The vector borne diseases share a high percentage of the annual deaths reported by the world health organization. Due to the involvement of multiple factors and resistance of the vector to the treatment strategies, it is highly desired to design a safe, efficient and harmless control strategy. A state of the art computational framework for the Wolbachia induced “genetic-control-strategy” has been documented during this research. The process of mating and molecular identification is complex and expensive and different labs around the world are devoted to format a smooth implementation strategy of this approach. During this research, as a first step, data was collected, secondly, dynamic artificial neural networks, with the “tapped delay” lines are used for nonlinear filtering of the data and for the prediction of the parametric values of the novel mathematical model. To study parametric reliance of stable solutions and unstable solution we analyze stability and the corresponding thresholds desired for this study are documented. The study conducted during this research can prove to be useful in future experimental and theoretical studies, aimed to control the vector borne diseases.
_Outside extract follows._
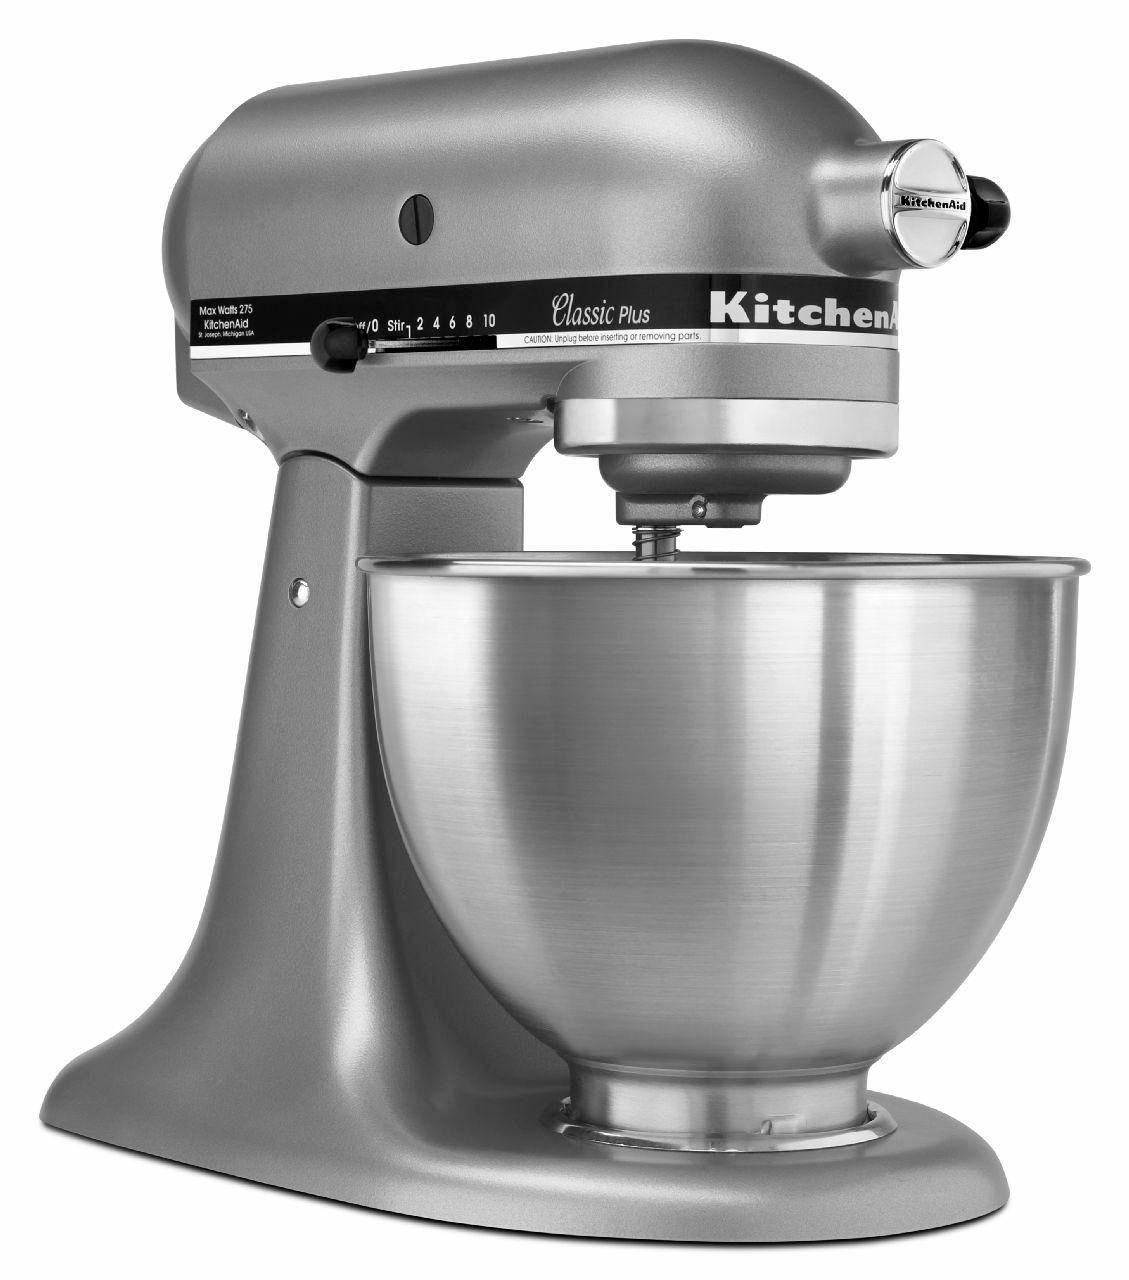 KitchenAid 275w KSM75SL Classic Plus Stand Mixer | Walmart ...

媒介传播的疾病在世界卫生组织报告的年度死亡中所占比例很高。由于多种因素的参与以及载体对治疗策略的抵抗性，因此迫切需要设计一种安全，有效且无害的控制策略。在这项研究中，已经记录了有关沃尔巴克氏菌诱发的“遗传控制策略”的最新计算框架。交配和分子鉴定的过程既复杂又昂贵，世界各地的不同实验室都致力于制定这种方法的平稳实施策略。在这项研究过程中，第一步是收集数据，其次是动态人工神经网络，带有“分接延迟”的线用于数据的非线性过滤和新型数学模型的参数值的预测。为了研究稳定解和不稳定解的参数依赖性，我们分析了稳定性，并记录了该研究所需的相应阈值。在此研究过程中进行的研究可证明对控制媒介传播疾病的未来实验和理论研究有用。